Sejak 2002, Ernawan menjalani peran ganda. Pagi hingga sore hari, ia bekerja di salah satu bank swasta di Bandung. Baru sepulang kerja, di antara waktunya yang terbatas, ia menjalani kariernya sebagai pelatih atletik Jabar.
Seperti sore itu, hanya beberapa kali latihan start dan lari estafet, gelap semakin menyelimuti lintasan lari. Latihan pun terpaksa dihentikan karena jarak pandang semakin terbatas. Lampu di lapangan tak lagi mendukung. ”Nanti saya kirim modul latihan untuk memperkuat pola latihan kalian,” kata Ernawan kepada atlet yang diasuhnya.

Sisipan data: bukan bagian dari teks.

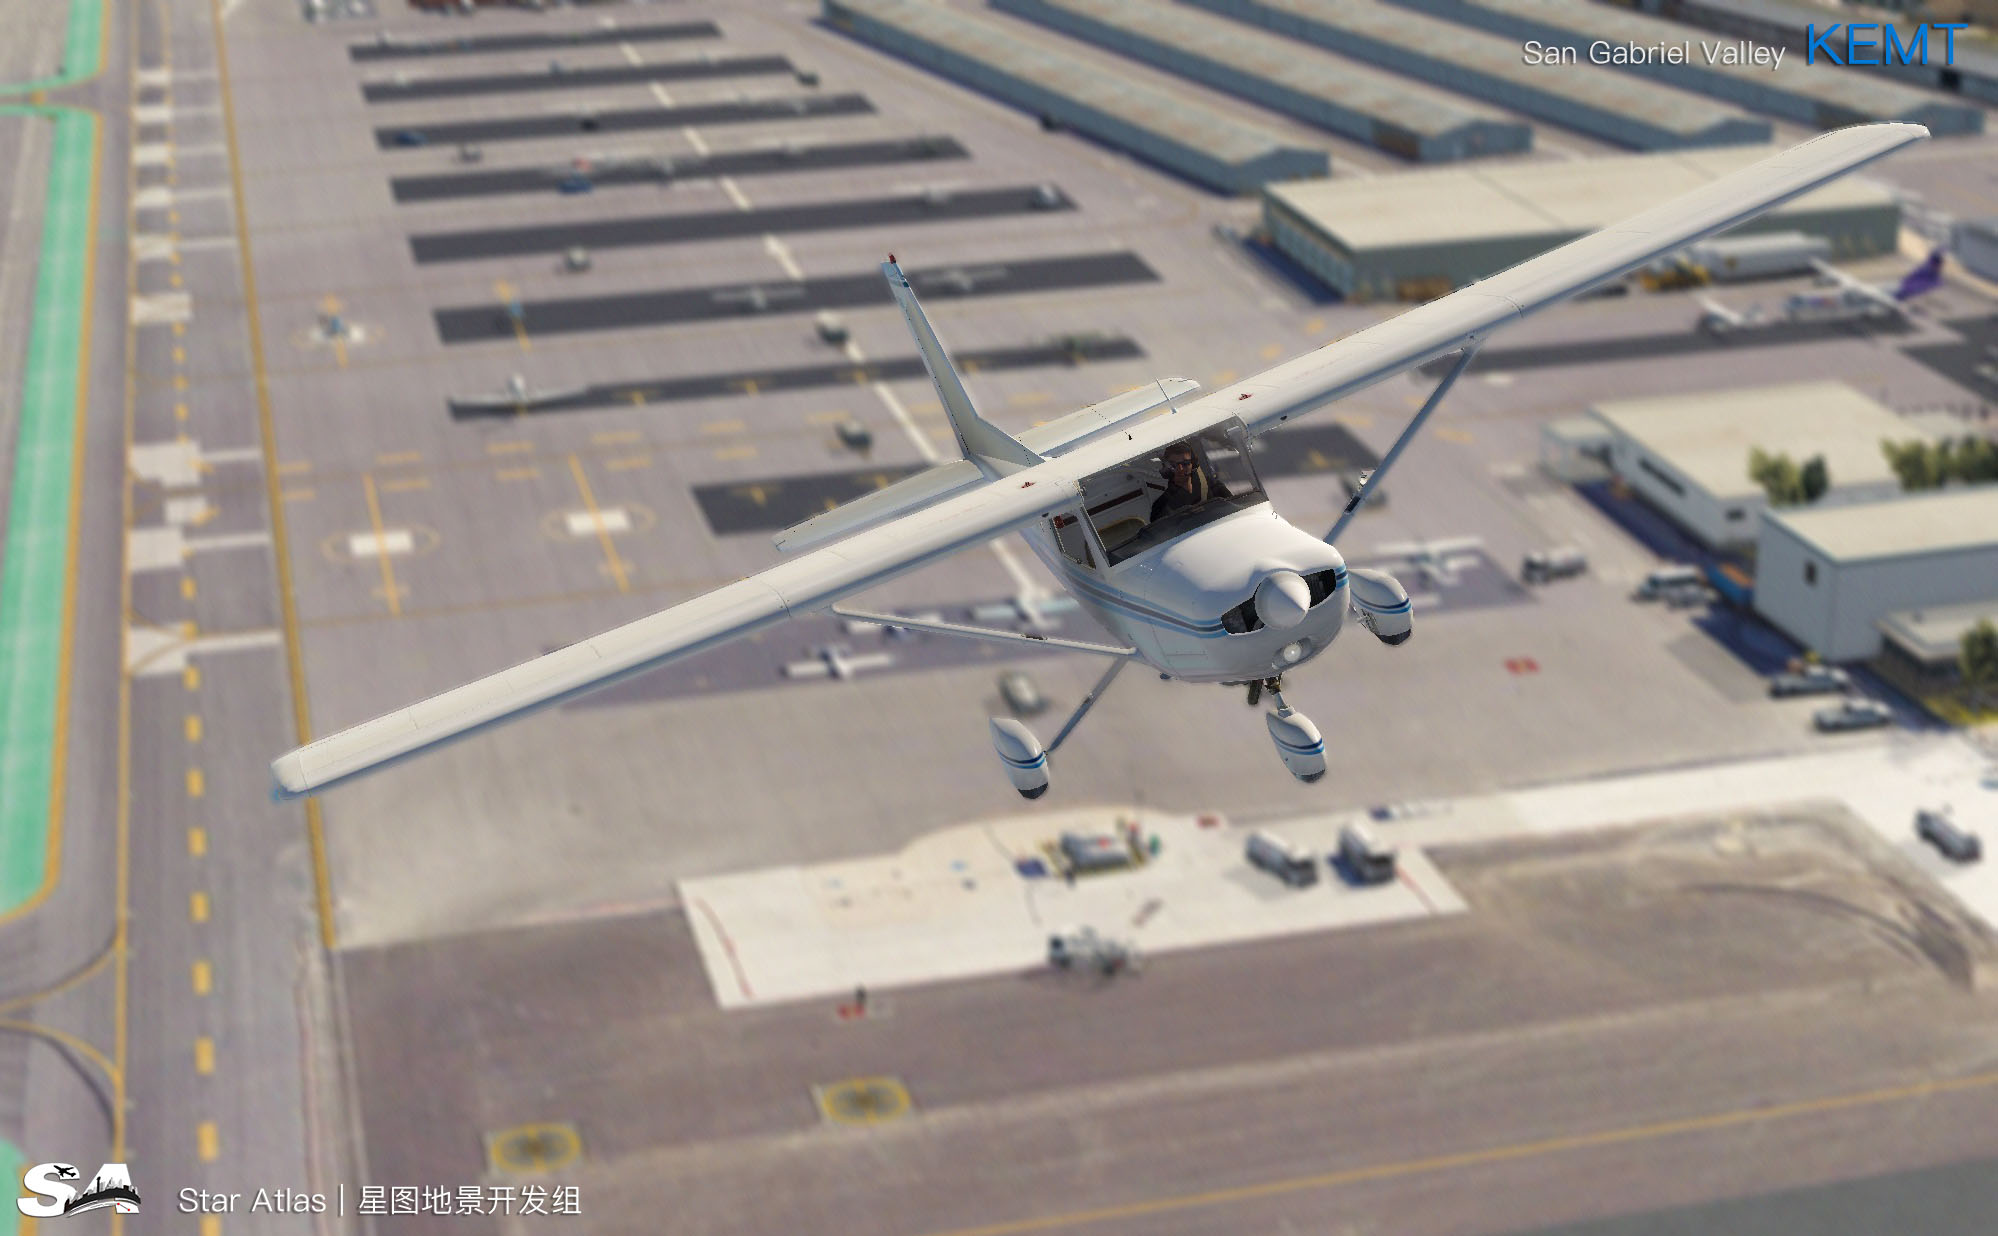 【X-Plane】KEMT-圣盖博谷机场 HD 1.0-8864

KOMPAS/RONY ARIYANTO NUGROHO
Ernawan Witarsa, pelari Olimpiade 1984 dan pelatih lari
Sudah berkali-kali Ernawan mengungkapkan keterbatasan ini kepada anak asuhnya. Dia bahkan mempersilakan mereka mencari pelatih lain jika waktu latihan dirasa belum ideal.
Namun, alih-alih pindah, anak asuhnya memilih setia. ”Saya sudah cocok dengan pelatih. Kami bisa curhat. Selain program latihan, dia rajin mengingatkan kami agar tak lupa sekolah,” kata Anandra Wahyu (19), salah seorang atlet didikan Ernawan.

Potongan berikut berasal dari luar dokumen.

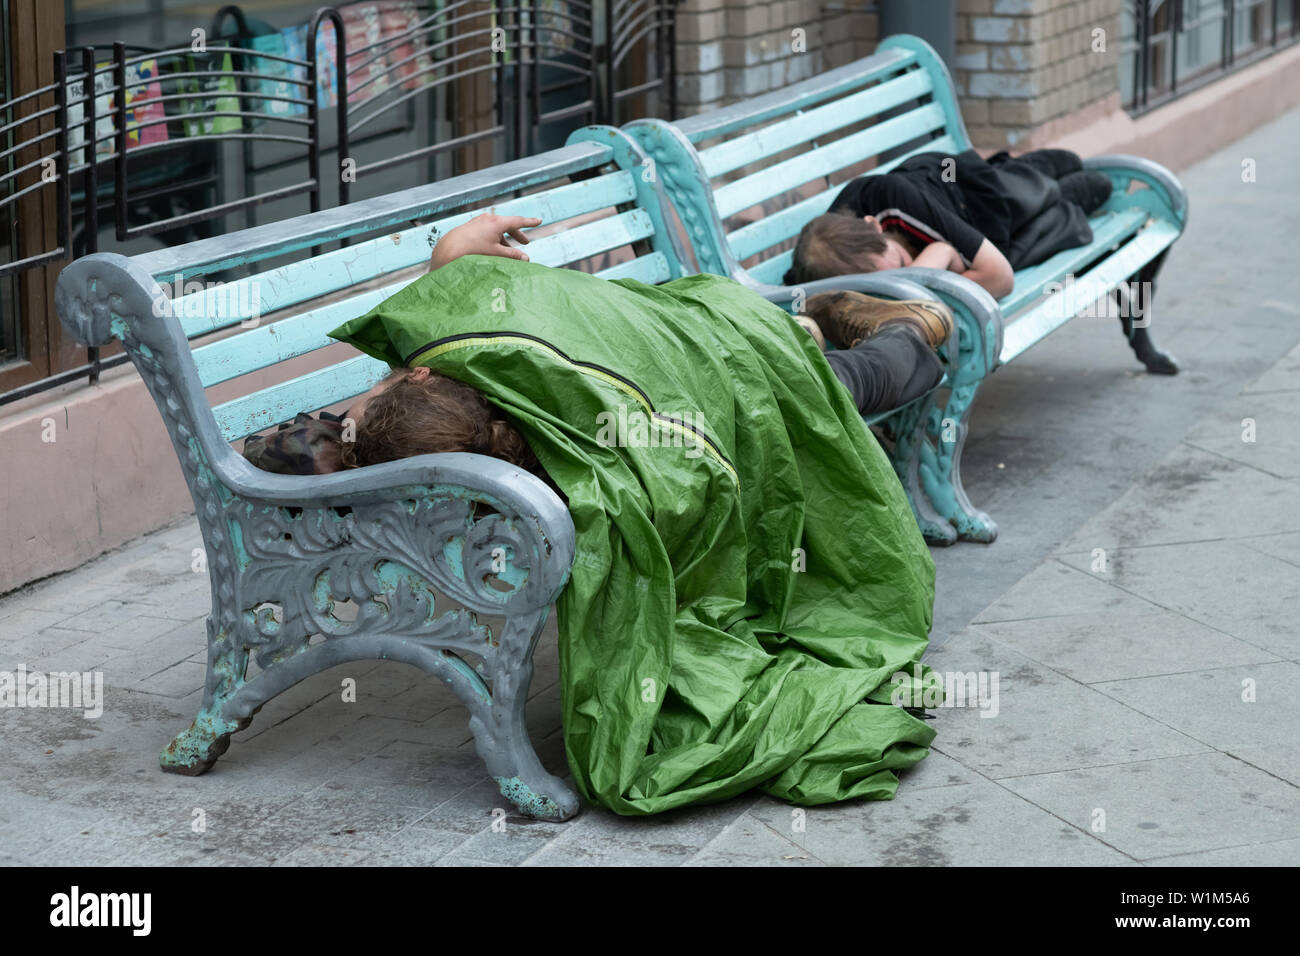 Descripción: persona sin hogar está durmiendo en un banco en un frío día de otoño en un parque en el país más pobre de la Unión Europea Bulgaria. Foto de stock

Hari itu, Anandra kembali menumpahkan kegalauan suasana hatinya yang belum sepenuhnya fokus berlatih lari. ”Kira-kira kenapa ya, Pak, saya belum merasa enak ketika lari?” tanya Anandra. ”Kurang istirahat sepertinya. Kurang tidur?” kata Ernawan. ”Iya, memang, sedang banyak tugas di kampus, Pak,” ujar Anandra, mahasiswa semester II di salah satu perguruan tinggi di Bandung. ”Memang harus diatur waktunya, tetapi, ingat, jangan lupakan sekolah,” katanya.